The Champions League remains something of an elusive crown for Roman Abramovich. The fortuitous 2012 triumph, however remarkable, glorious and delightful, seems somehow tainted by the manner in which it was secured. Abramovich's reluctance to appoint Roberto di Matteo exposed his dissatisfaction and after Pep Guardiola rejected Chelsea last year he has returned to Mourinho.

Yet they say never go back in football and, in the English game, it is testament to the mantra that Tony Pulis and Harry Redknapp are the outstanding managers to have succeeded when returning.

Sir Alex Ferguson retired not four weeks ago, but his spiritual predecessor Sir Matt Busby returned to the role of Manchester United manager in 1970. Wilf McGuinness, a disastrous and ill-advised in-house appointment, was dwarfed by Busby's shadow as the Scot kept the manager's office at Old Trafford despite being a director. Busby returned in December 1970 as caretaker manager, with McGuinness demoted to reserve team boss, before steering United to eighth and stepping down in 1971.

Another Scot, Kenny Dalglish, preceded over one of the most risible seasons in Liverpool's recent history when he replaced Roy Hodgson in January 2011. Fans' calls for Dalglish's second came as early as November 2010, with a notable statement made in Hodgson's final match, when Liverpool's away section at Blackburn was just two-thirds full.

Dalglish led Liverpool to three titles and two FA Cup triumphs during his first spell at Anfield between 1985 and 1991, but was caught in a time-warp during his second tenure. He guided the club to their first trophy in six years with the 2012 League Cup, however the club's campaign was blighted by Dalglish's bizarre behaviour, notably his staunch defence of Luis Suárez despite the Uruguayan being found guilty of racially abusing Patrice Evra. He was sacked after the Reds lost to Chelsea in the FA Cup final and finished eighth in the Premier League.

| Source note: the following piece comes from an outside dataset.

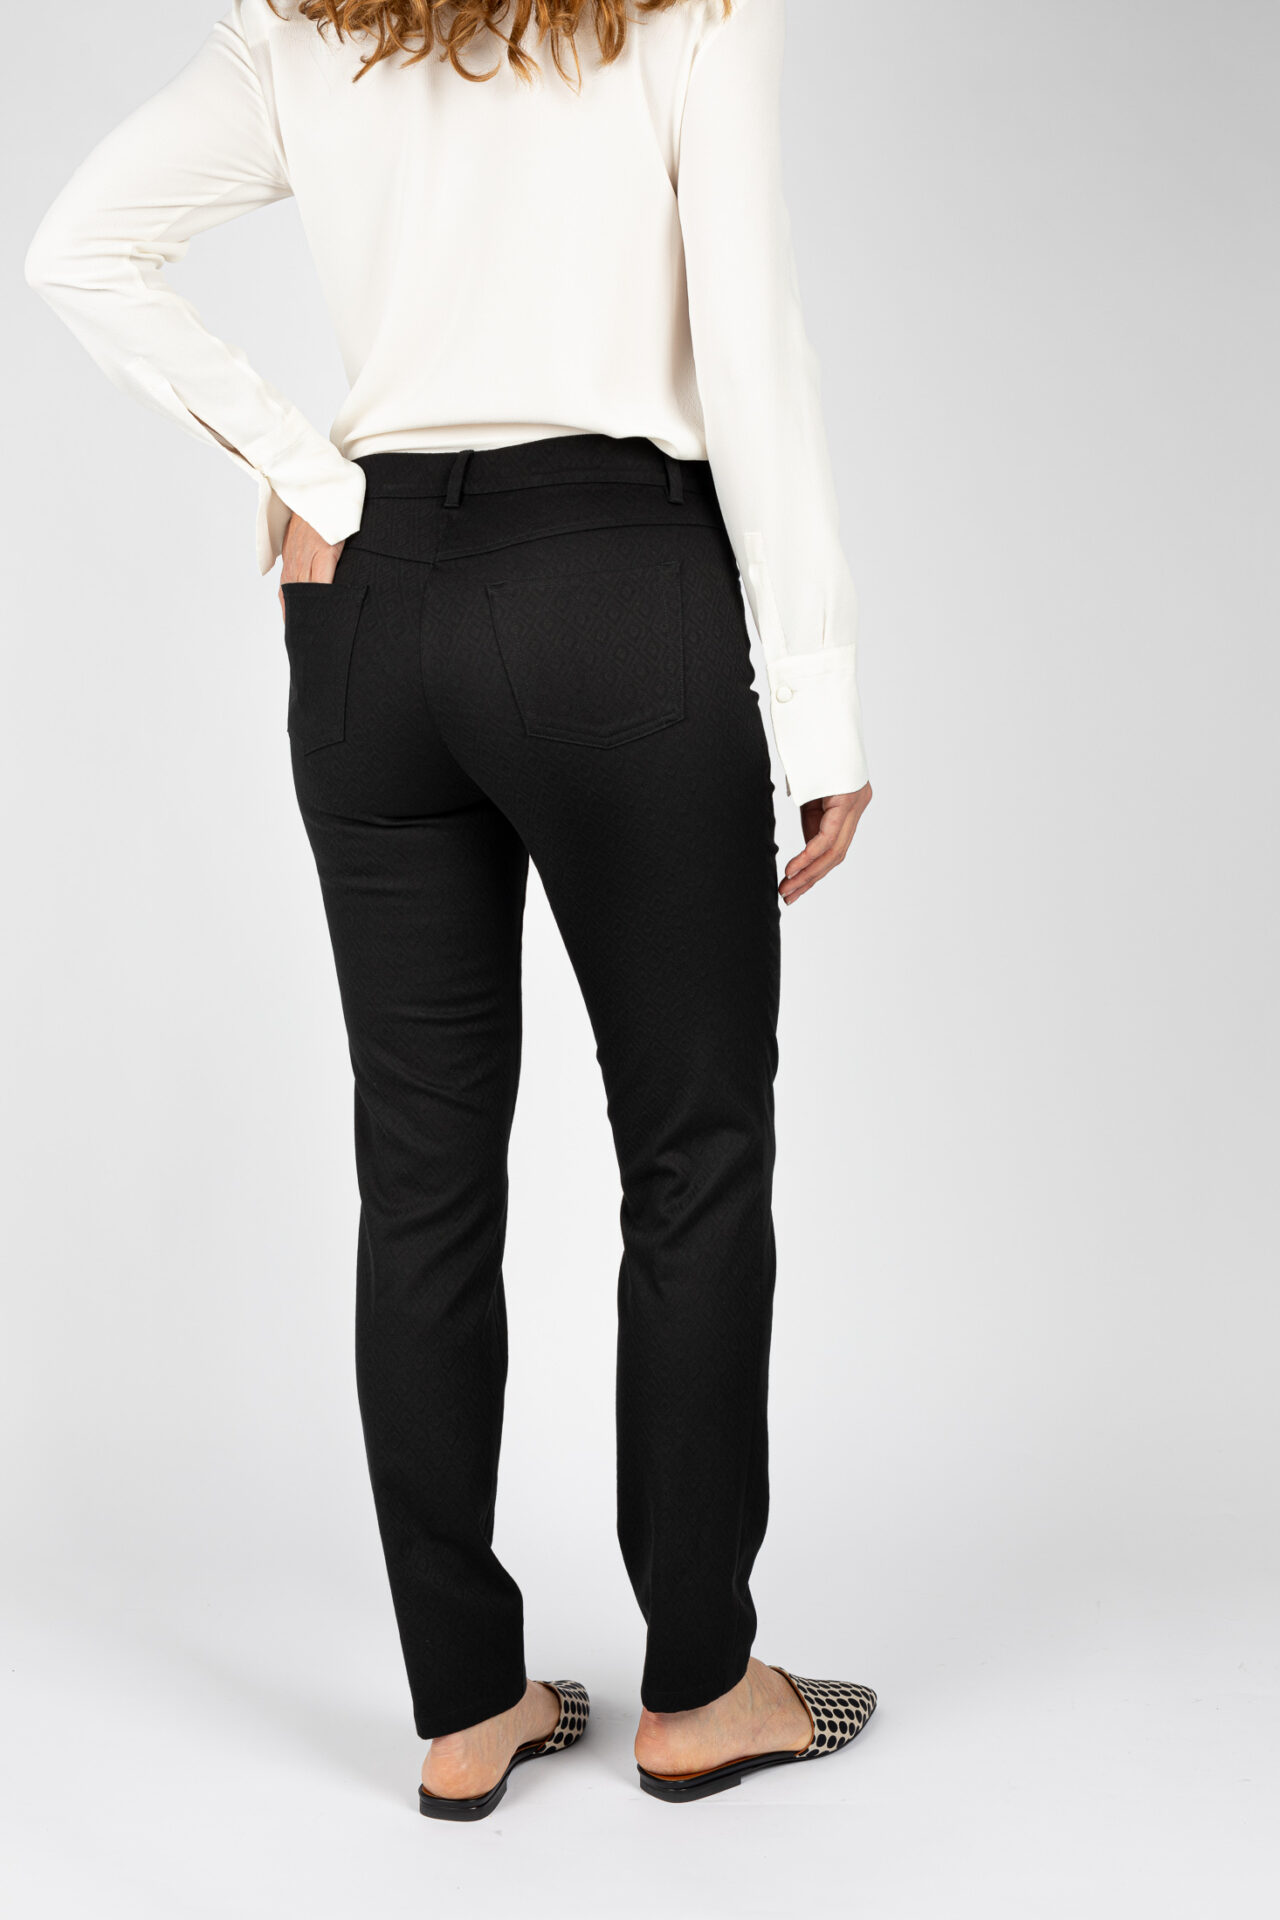 Pantaloni modello Jeans gamba regolare colore nero da donna P19630T57 - 5

Across Stanley Park, Everton welcomed back Howard Kendall not once, but twice during their 90s slump. Under Kendall, they won the title in 1985 and 1987, the FA Cup in 1984 and the European Cup Winners' Cup in 1985.

He left the Toffees for Athletic Bilbao before returning to Goodison Park in 1990, a fruitless era which ended in 1993. His third spell at the club was the dreadful 1997-98 campaign, when Everton avoided relegation on the final day amid allegations about Kendall's well-being.

Kevin Keegan lasted eight embarrassing months back at Newcastle in 2008. He failed to win any of his first eight matches and left less than a month into the 2008-09 season after falling out with the board, purportedly over the transfer of James Milner to Aston Villa.

Between 1992-97, Keegan was in charge of Newcastle's 1993 promotion to the Premier League, where they finished in the top six in four successive seasons, narrowly missing out on the title in 1996 having held a 12-point advantage over Manchester United in January.

As for the success... Redknapp enjoyed two distinguished periods with Portsmouth, managing the club to promotion in 2003 and consolidating their status as a Premier League club the following season before leaving in late 2004 for arch-rivals Southampton. After the Saints were relegated, Redknapp returned to Pompey, who he helped keep up before winning the FA Cup in 2008, their first major honour in 53 years.

Pulis is the other British-based manager to have enhanced his reputation when going back. He first arrived at Stoke in 2002 and prevented their demotion to the third tier and stayed on for a further three seasons.

Following a year at Plymouth Argyle he returned to the Potters, who he managed back to the top-tier of English football for the first time in 23 years in 2008, and into their first ever FA Cup final in 2011.

The advantage Mourinho has is there are few caveats. Keegan and Dalglish were blinkered, fan-driven appointments destined to be short-lived and although Mourinho is the most revered Chelsea coach in modern times, he has been coaching and winning for the past decade. His last campaign with Madrid was his first trophyless term in 11 years.